▶ _What you have to do_: All of the data below should be repeated exactly. Pictures should not be included.

▶ _Supplied information_:

————————

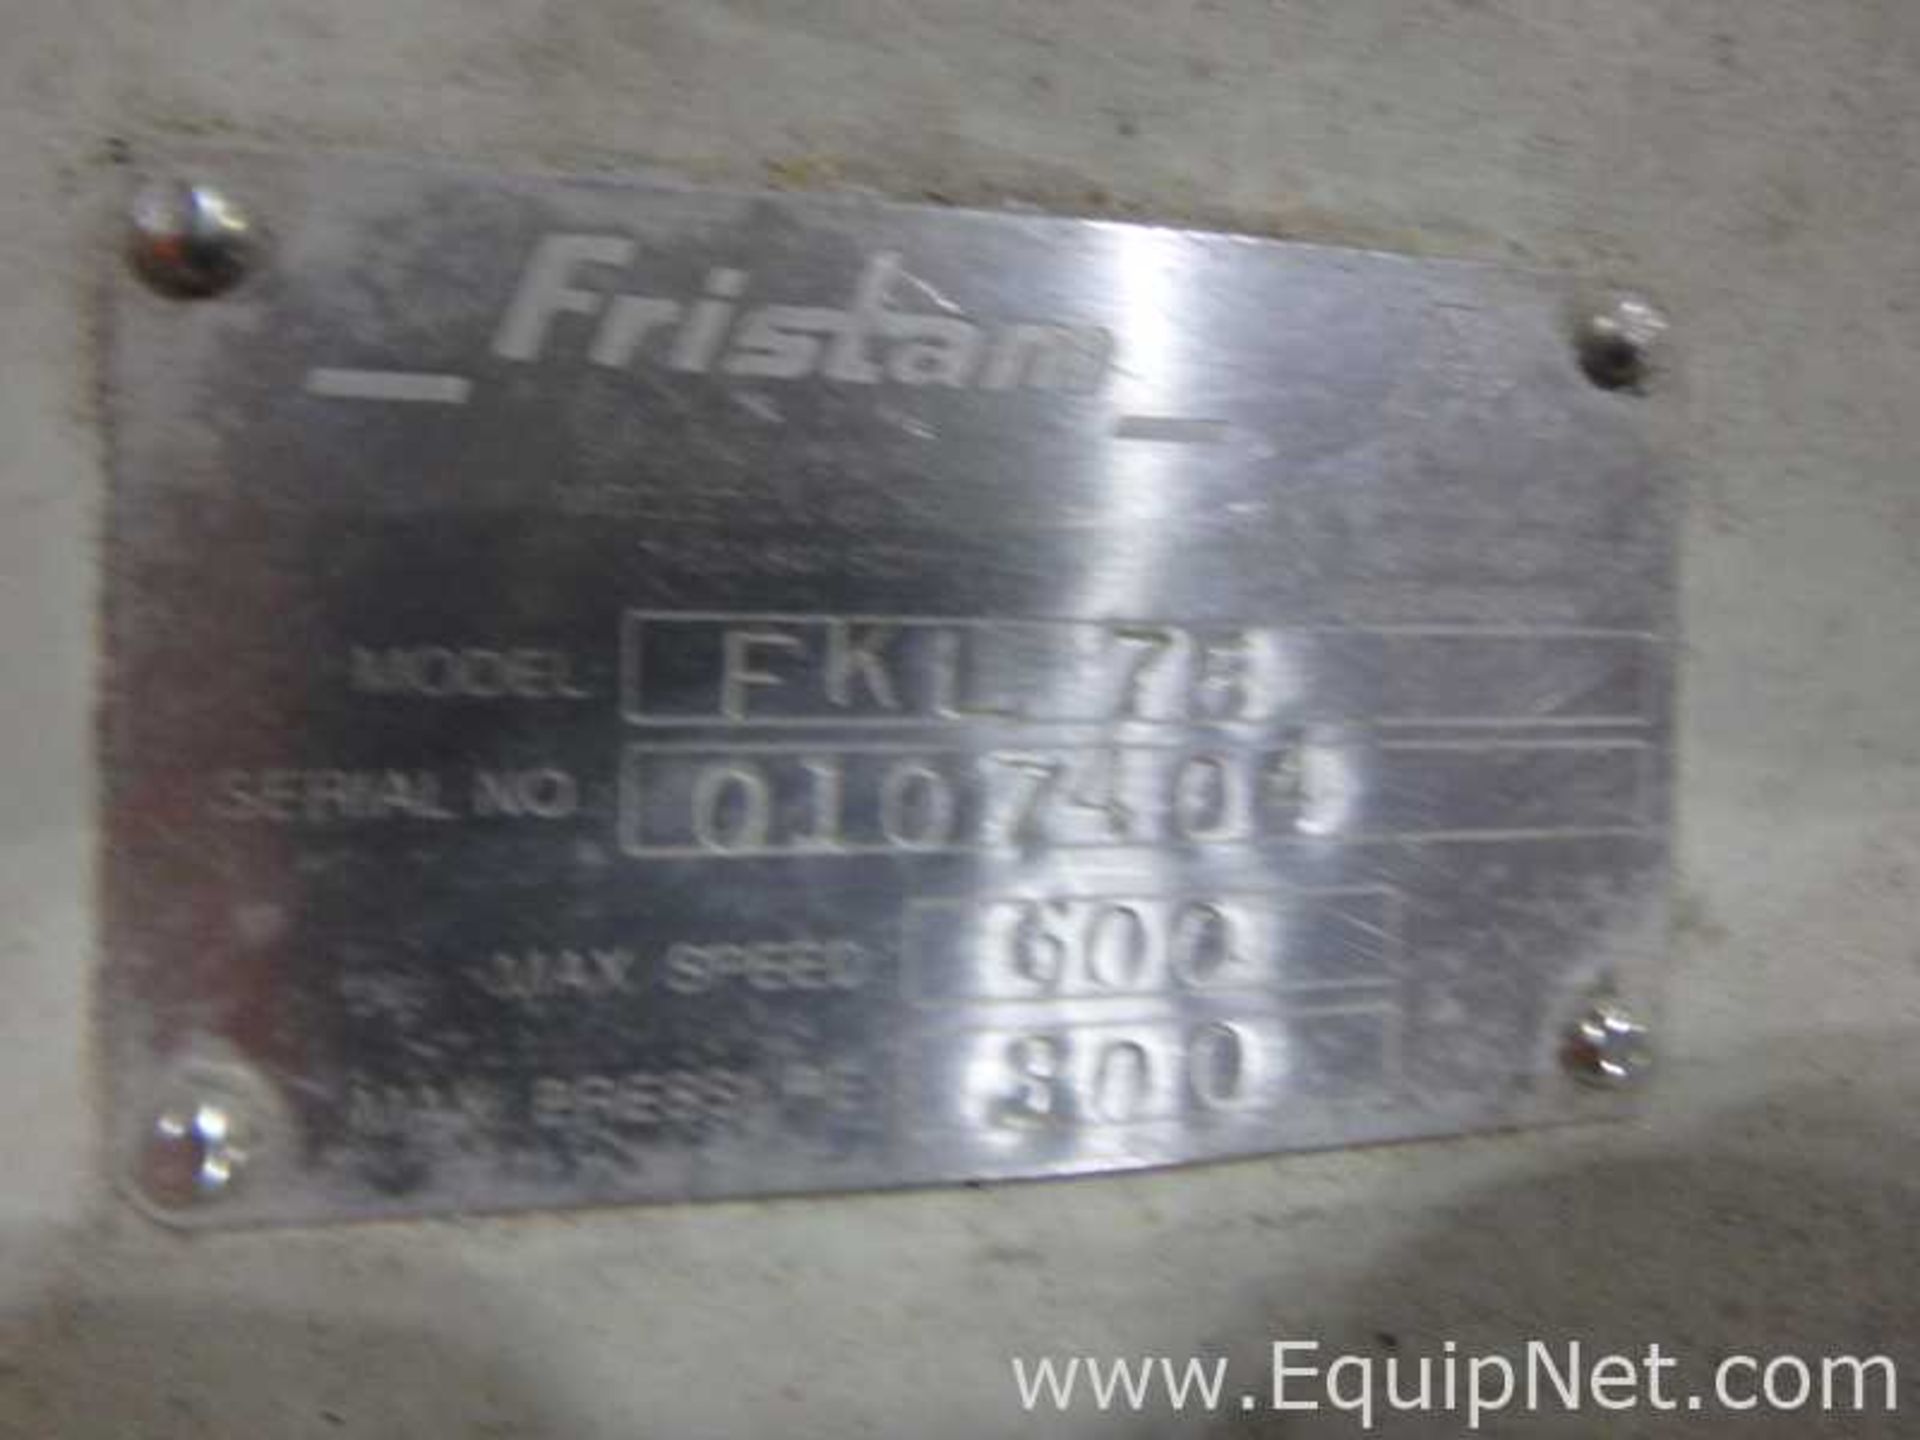 Fristam FKL 75 Lobe Pump - Image 10 of 11
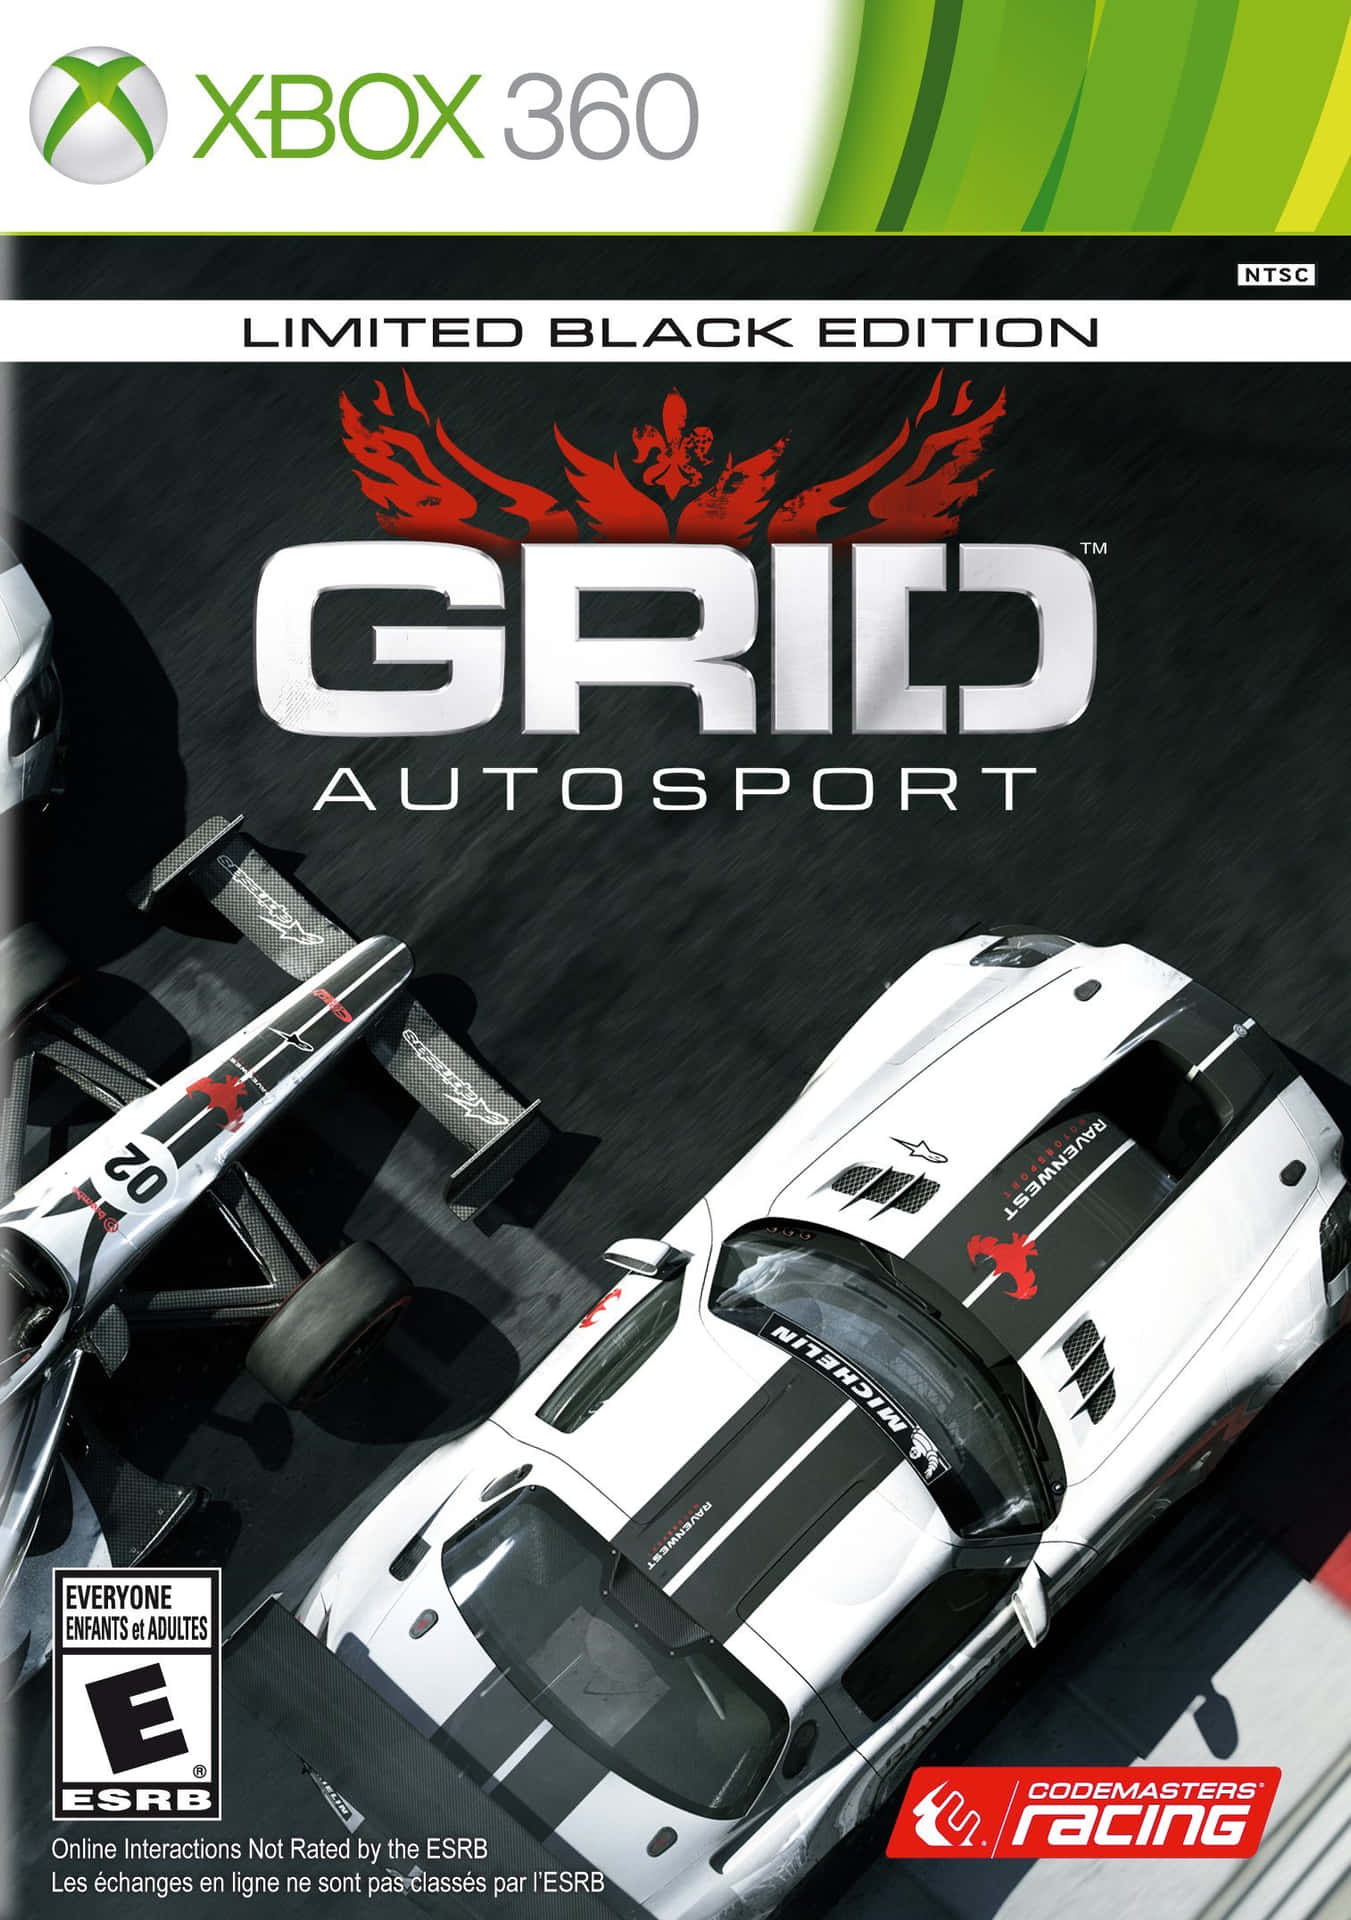 Iphone X Grid Autosport Background In Xbox 360 Background
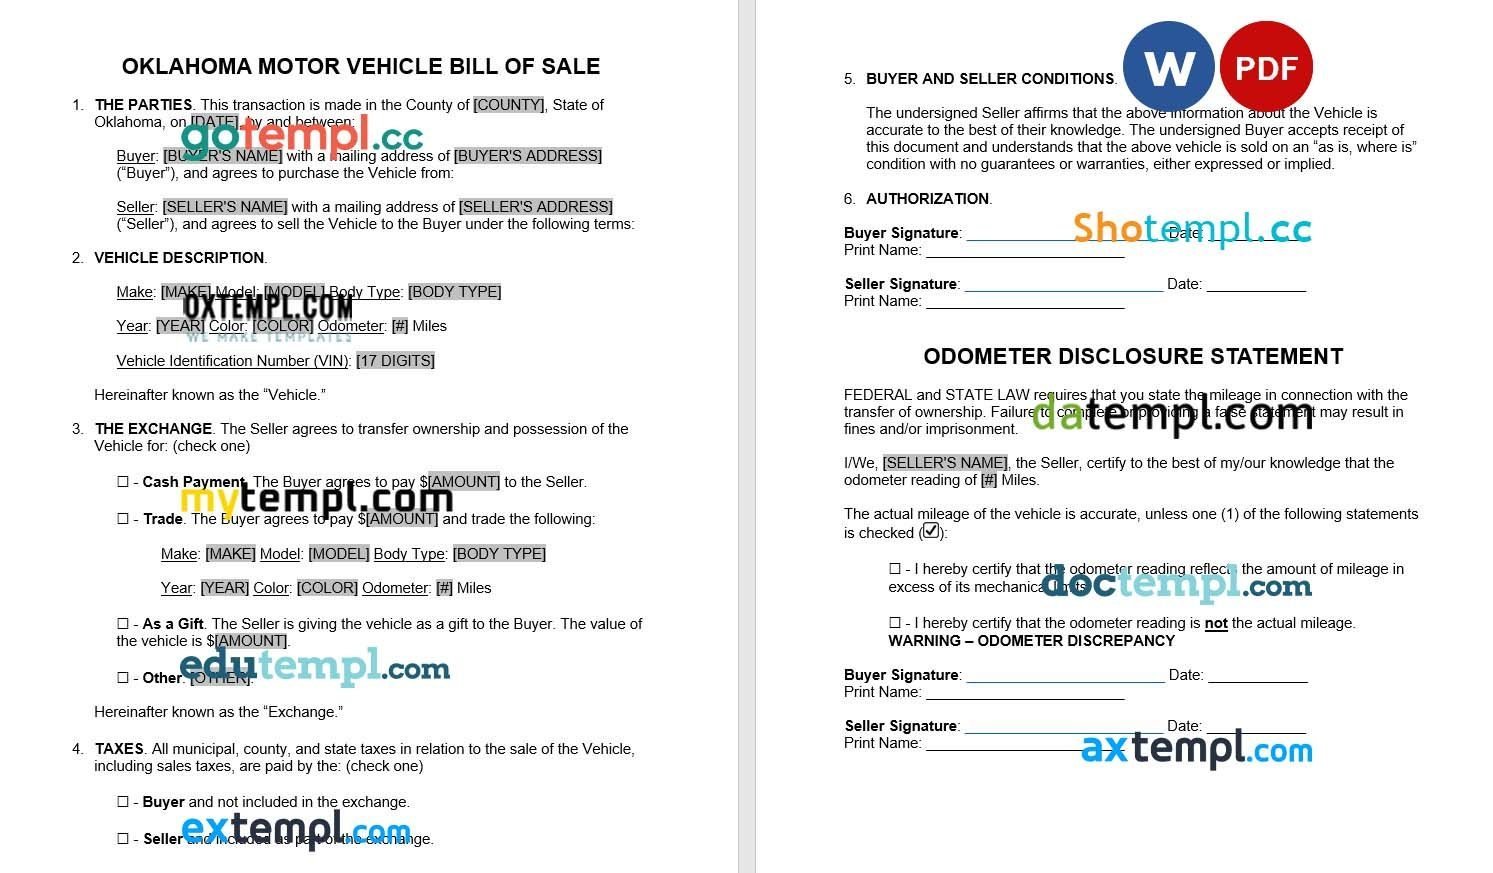 Oklahoma Motor Vehicle Bill of Sale example, fully editable

————————

▶ _Completed task_:
 Fristam FKL 75 Lobe Pump - Image 10 of 11
 Iphone X Grid Autosport Background In Xbox 360 Background
 Oklahoma Motor Vehicle Bill of Sale example, fully editable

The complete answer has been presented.